What to work on:
Please give back the listing below word for word, without the images.

Exercise data:
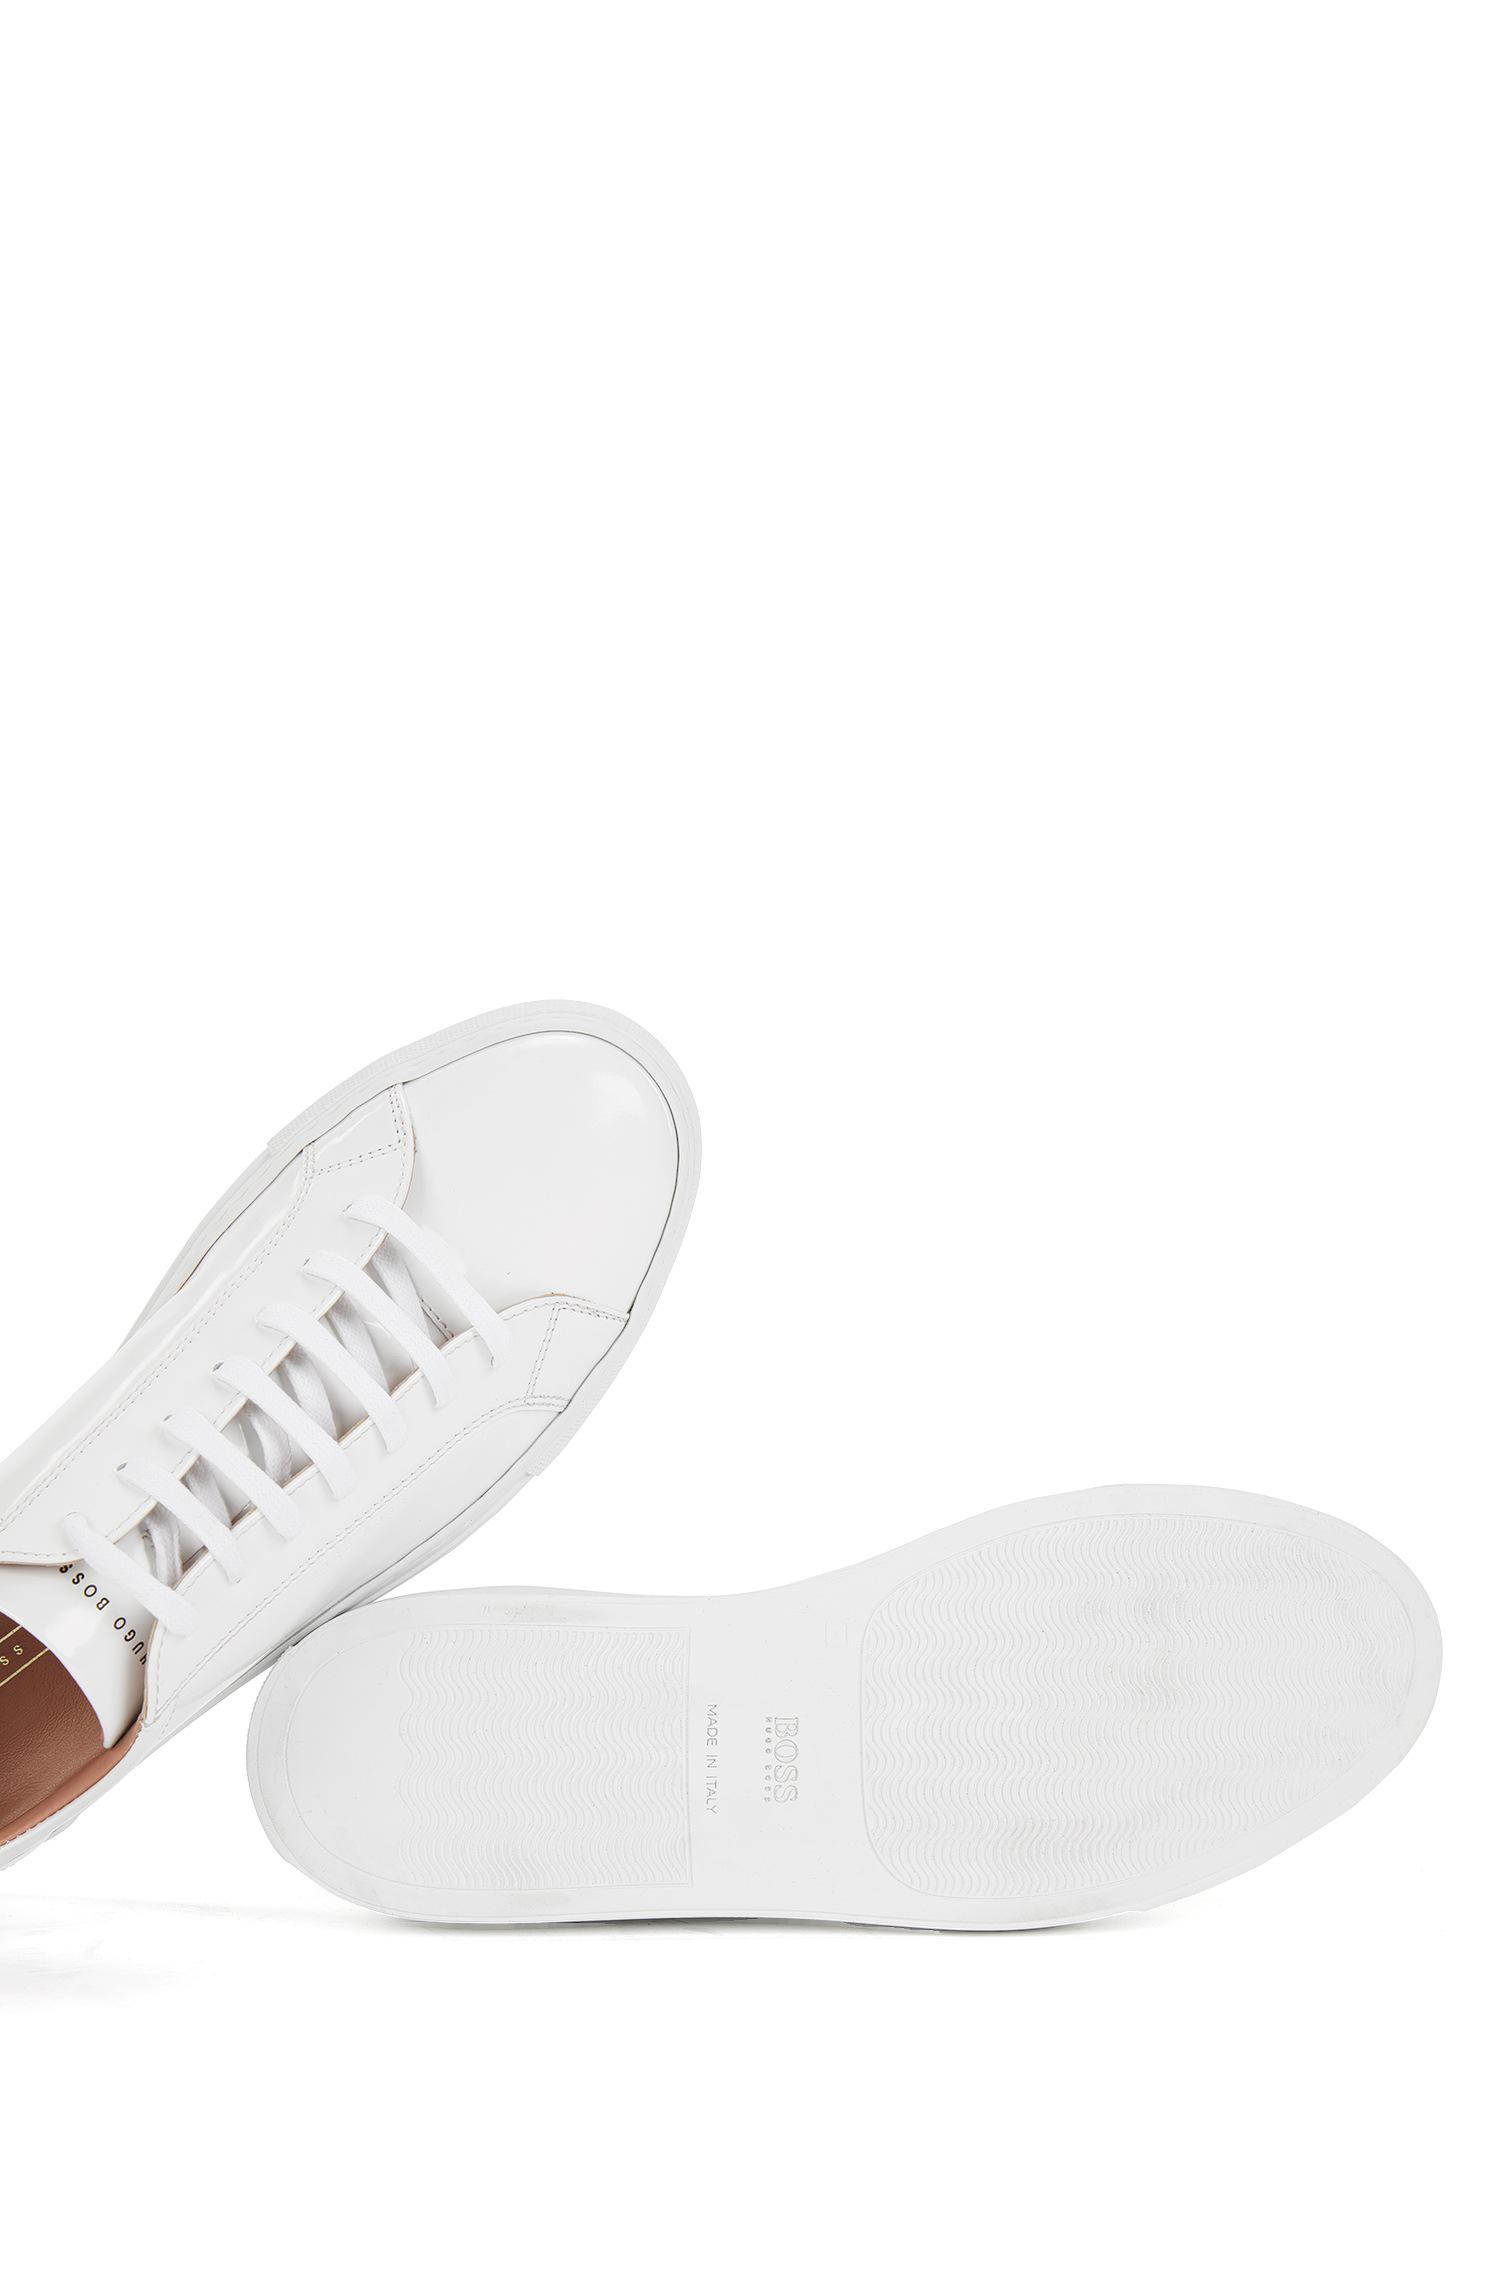 BOSS by HUGO BOSS Leather Sneaker | Kate Low Cut C in White | Lyst
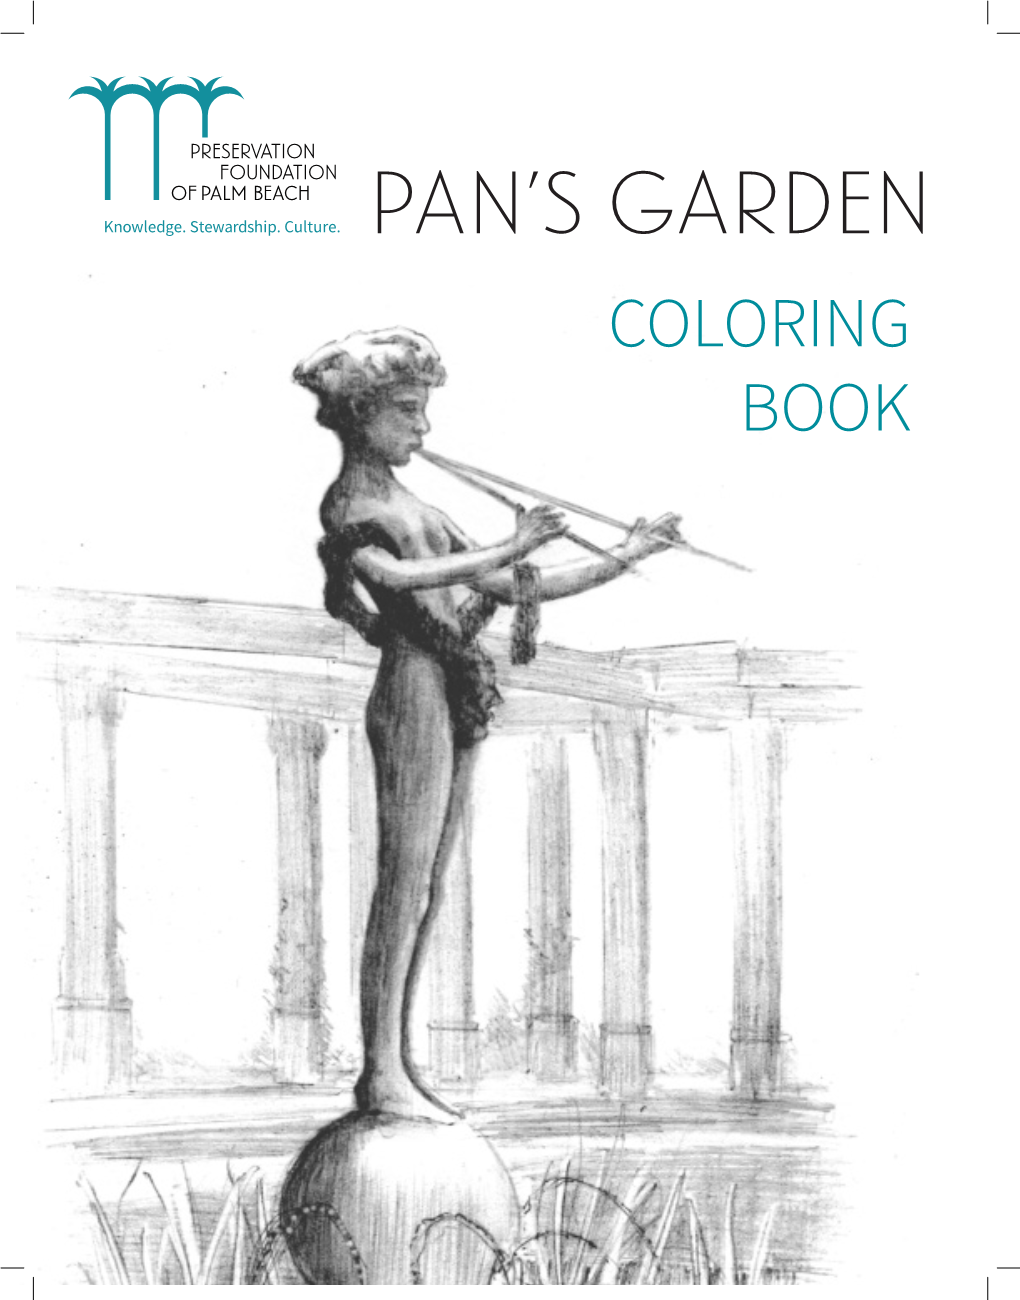 Pan's Garden Coloring Book
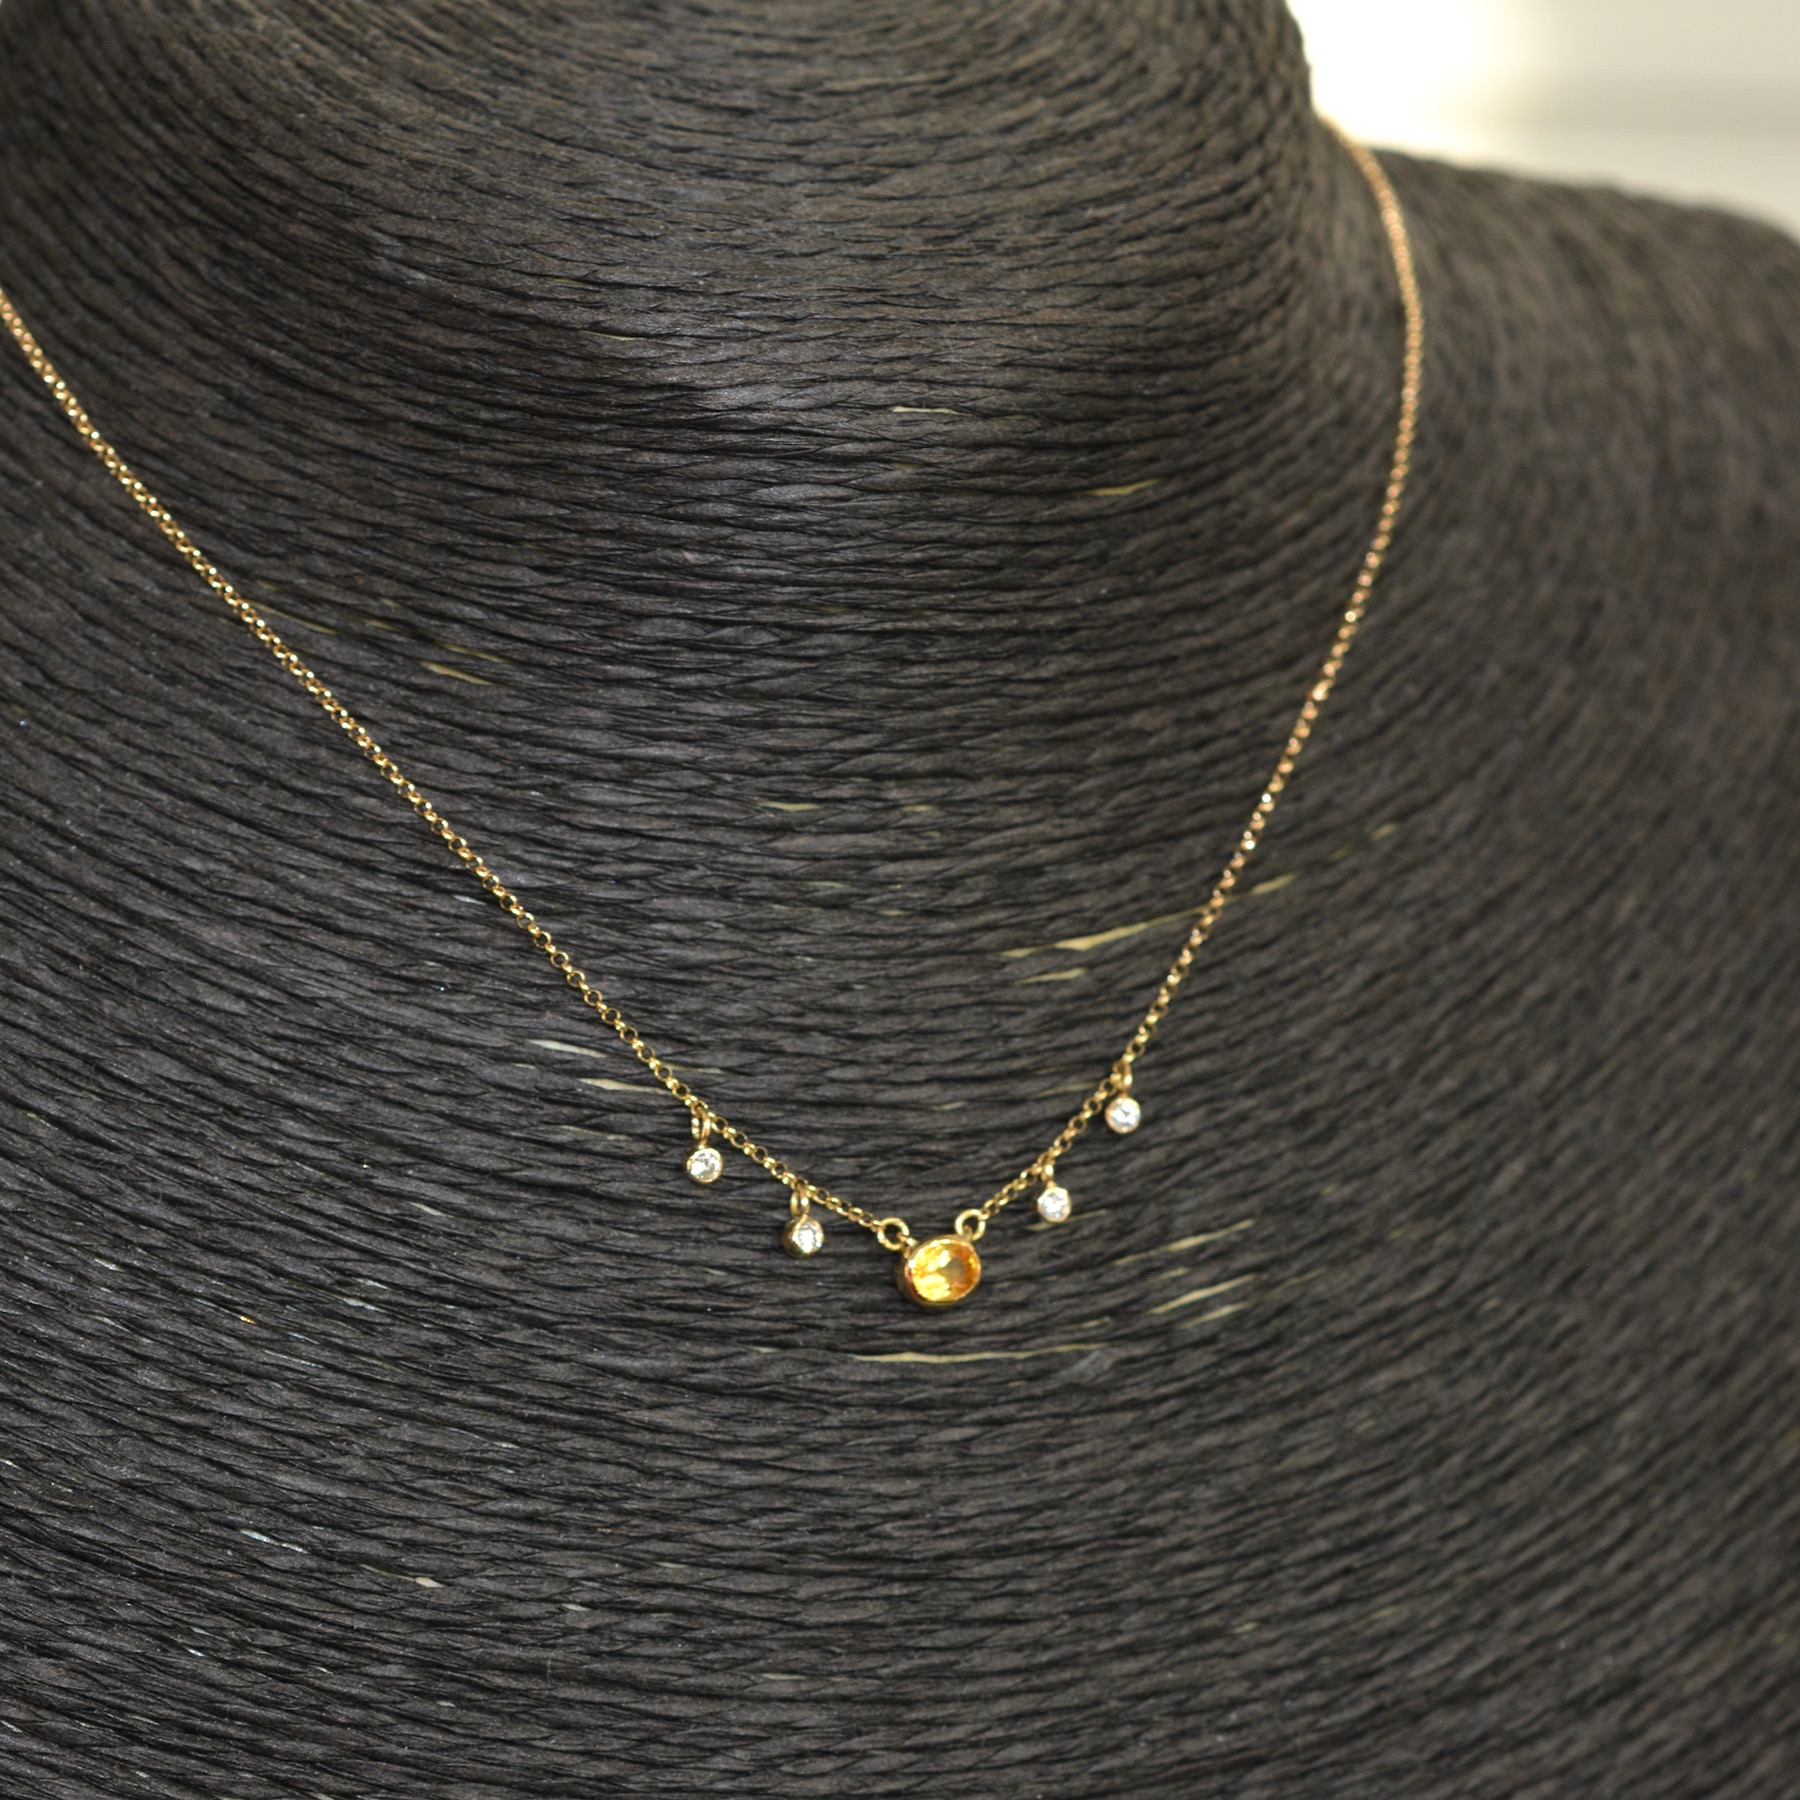 オーダーメイドのイエローサファイアの18金ネックレスはメレーダイヤモンドが揺れる可愛らしいデザインに。

Solution to this exercise:
 BOSS by HUGO BOSS Leather Sneaker | Kate Low Cut C in White | Lyst
 Pan's Garden Coloring Book
 オーダーメイドのイエローサファイアの18金ネックレスはメレーダイヤモンドが揺れる可愛らしいデザインに。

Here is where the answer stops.